**Task goal**
Starting at the line that contains "اللجنة مكونة من 8 أعضاء" and ending at the line that contains "Acler Acler Linen-Blend", the lines below are to be given again exactly, with nothing added.

**Material supplied**
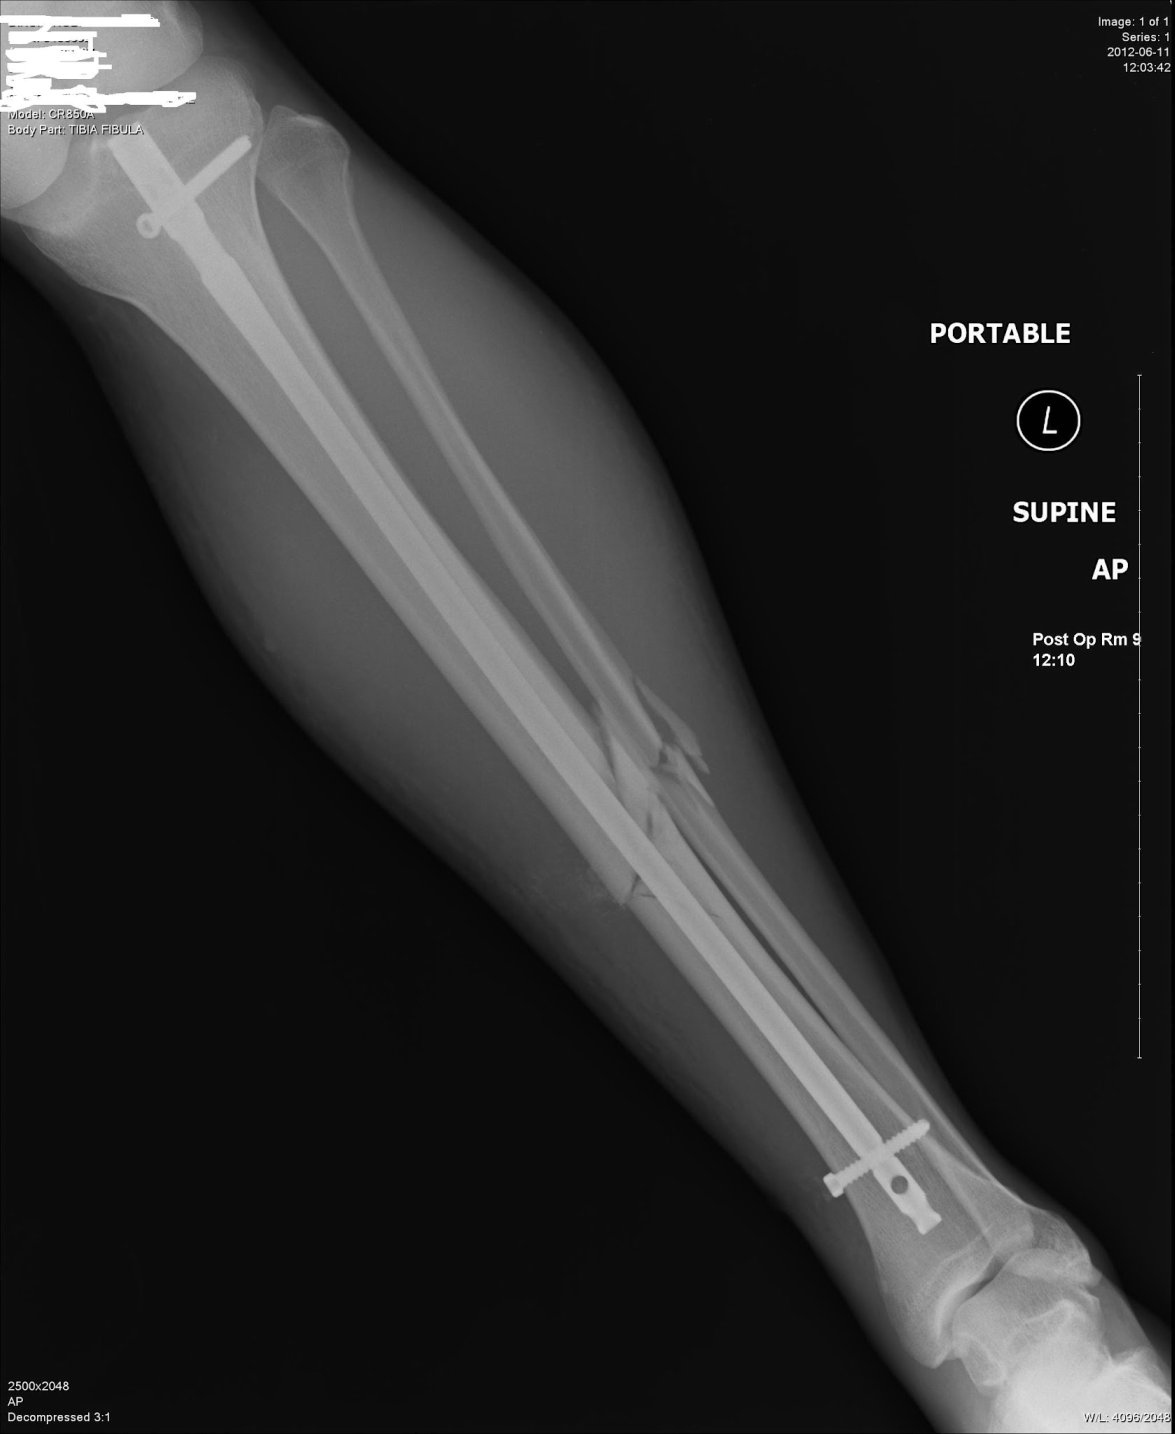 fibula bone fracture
* * *
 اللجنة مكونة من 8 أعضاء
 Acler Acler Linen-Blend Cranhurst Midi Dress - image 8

**Answer to this exercise**
 اللجنة مكونة من 8 أعضاء
 Acler Acler Linen-Blend Cranhurst Midi Dress - image 8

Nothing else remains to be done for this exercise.